Magda Teter, PhD, the Shvidler Chair in Judaic Studies, mounted the exhibition, her second this year, with Fordham Libraries in the O’Hare Special Collections Library at the Rose Hill campus.

Seder Haggadah in Yiddish and Hebrew from 1765, stained with wine from the ritual

Seder Haggadah in Yiddish and Hebrew from 1765, stained with wine from the ritual.

In the exhibition, however, she said the sacred is counterbalanced by the profane, as it captures both the meaning the holidays have had for Jews and Christians, and displays their painful convergence through several items that depict nearly 600 years’ worth of anti-Jewish imagery.

Teter said that she didn’t want to gloss over the reality of the violence and hatred that Christians subjected Jews to during Easter and Passover festivals. Some of the materials in the show served as propaganda to stoke hatred of the Jews.

Some of the images are disturbing.

There are several depictions of a child being bled by Jews. A frequent anti-Semitic accusation against Jews was that they murdered Christians for their blood and used it in Passover rituals, an accusation known as the blood libel. Some of the images were inspired by the cult of Simon of Trent, a boy whose disappearance around Easter in 1475 was blamed on the Jews of this northern Italian town. Many Catholics venerated Simon, until in the aftermath of the Church’s Vatican II the cult of the boy was abolished.

Among the items on display are:

  • engravings from two editions of the famous 15th century world chronicle that portray the bleeding of a child, with images of Jews as grotesque characters
  • the Easter issue of an Italian magazine, La difesa della razza (The Defense of Race), from 1940 that once again return to the theme of blood libel;
  • German currency from 1922 that celebrates burning Jews;
  • an 1884 parody of the Haggadah by German artist Carl Maria Seyppel.

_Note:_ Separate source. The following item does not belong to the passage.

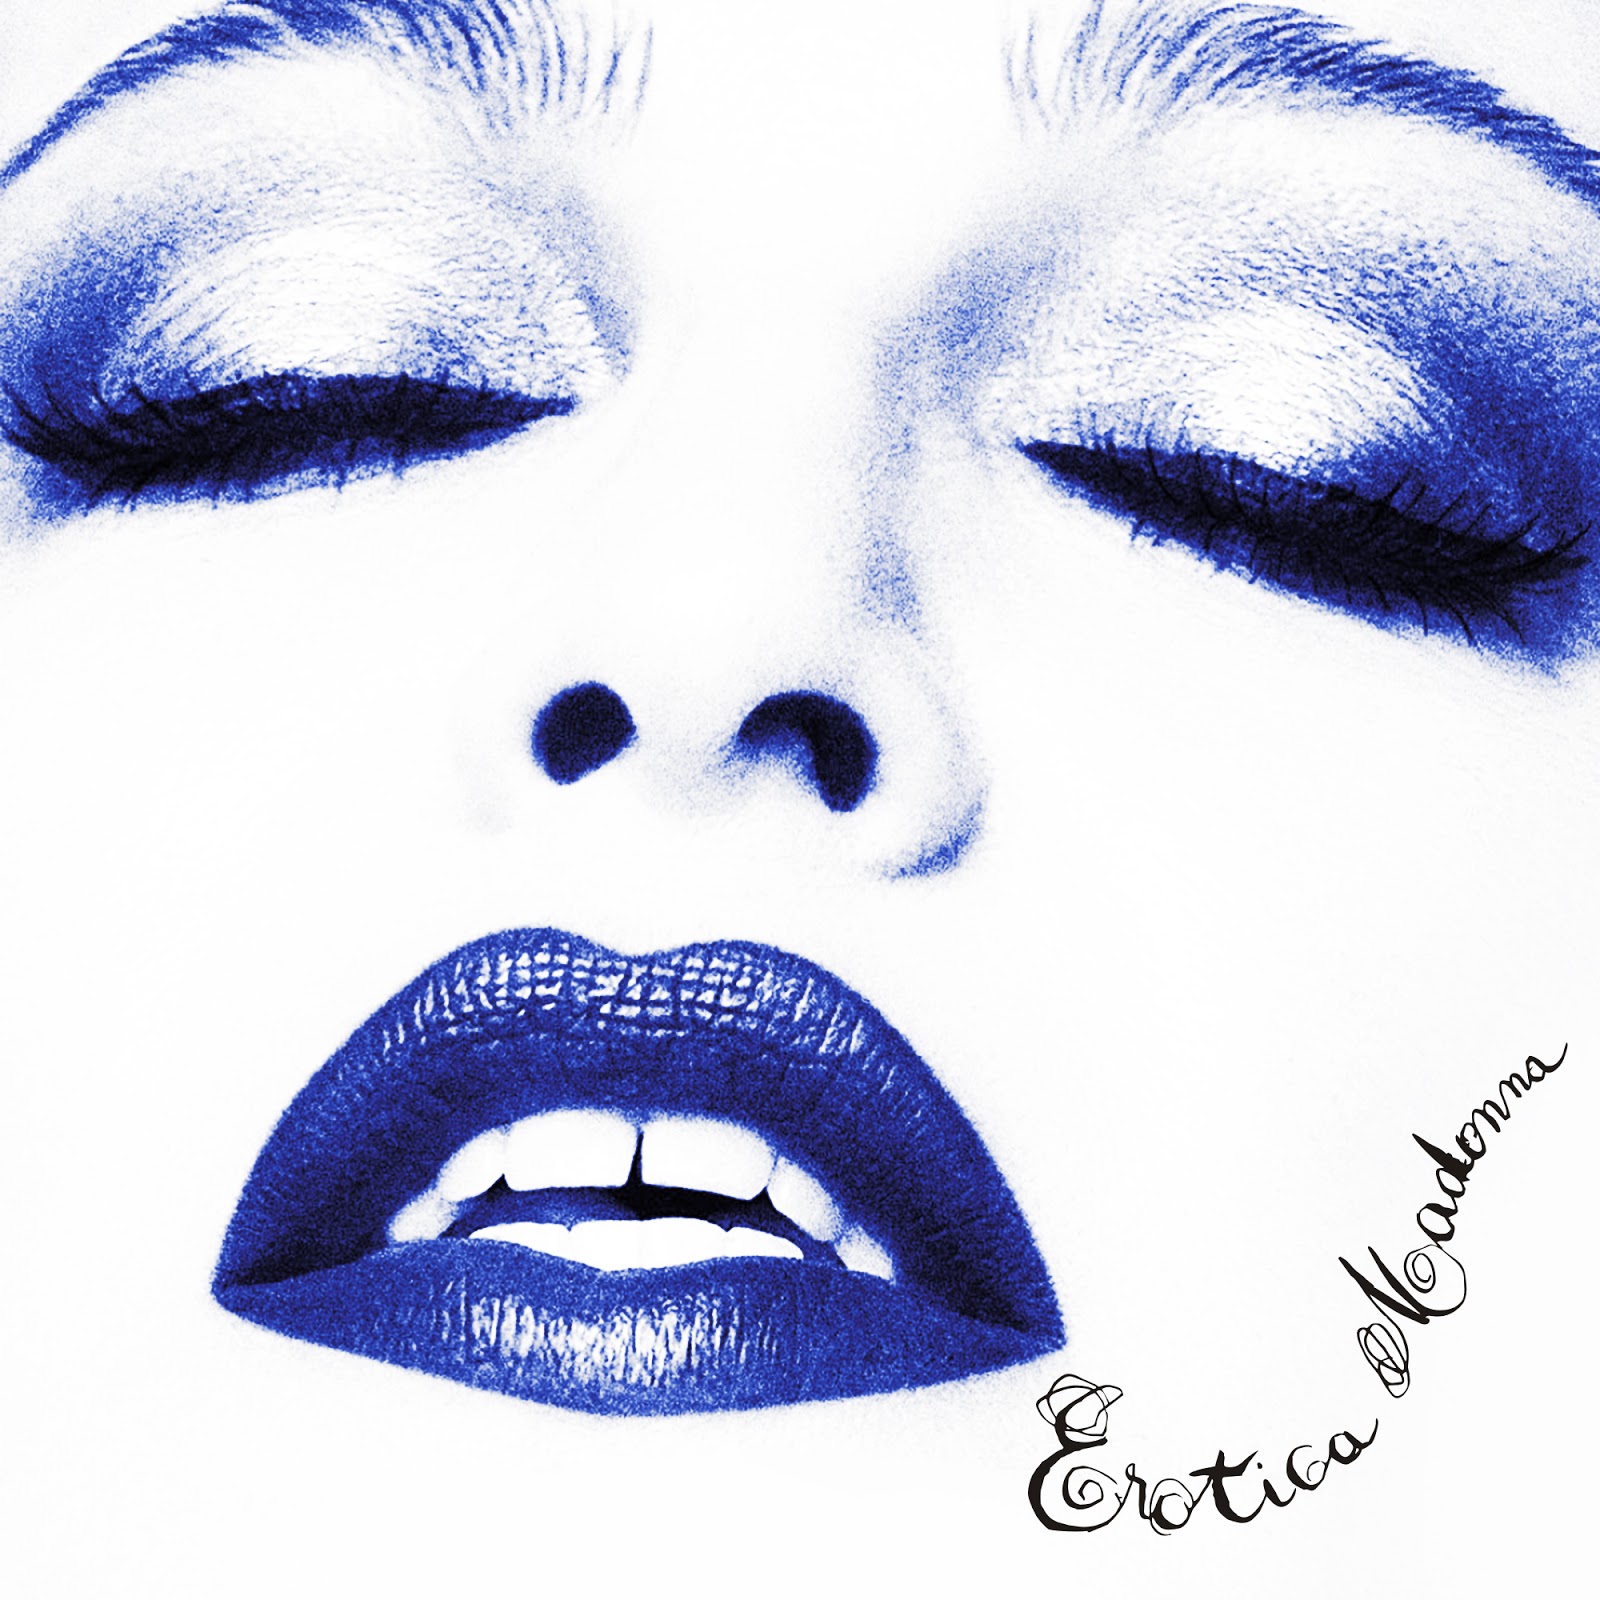 Madonna Fanmade Covers Erotica 25th Anniversary Edition

Teter noted that Fordham is an appropriate setting for the exhibition, as the Jesuits are not known for shying away from difficult issues.

1969 Haggadah printed the airline El Al.

A 1969 Haggadah printed for the airline El Al.

What is disturbing is balanced by beauty, however, as precious facsimiles of the famous 14th-century Barcelona Haggadah, the Gradual of Gisela, and the magnificent 13th-century Biblia de San Luis are also on display. All are gifts of longtime library patron James Leach, MD. The books use contemporary color printing methods to achieve exacting color replications. The gold leaf, however, is applied by hand and can be found throughout both texts.

Although not an alumnus, Dr. Leach has developed a relationship with Fordham based on his love for the Church and for lifelong knowledge, he said. He remembers the first time he heard Mass in Latin at Holy Trinity Church in Passaic, New Jersey. From there his interest in medieval texts and manuscripts grew, he said.

James Leach

James Leach, MD

“I think people say you see God in church architecture, and in the stained glass, but God is also in the illuminations alongside the printed word,” he said.

The aesthetic and intellectual intensity of the exhibit’s three main showcases are complemented with a display of ephemera as well. Some ephemera alongside the back wall of the special collections gallery includes Haggadot in many languages, including in Arabic and Amharic. There are also a few printed as commercial promotions for Streit’s Matzos and Maxwell House Coffee—which are ubiquitous to American Jewish households, said Teter, and which often became household keepsakes.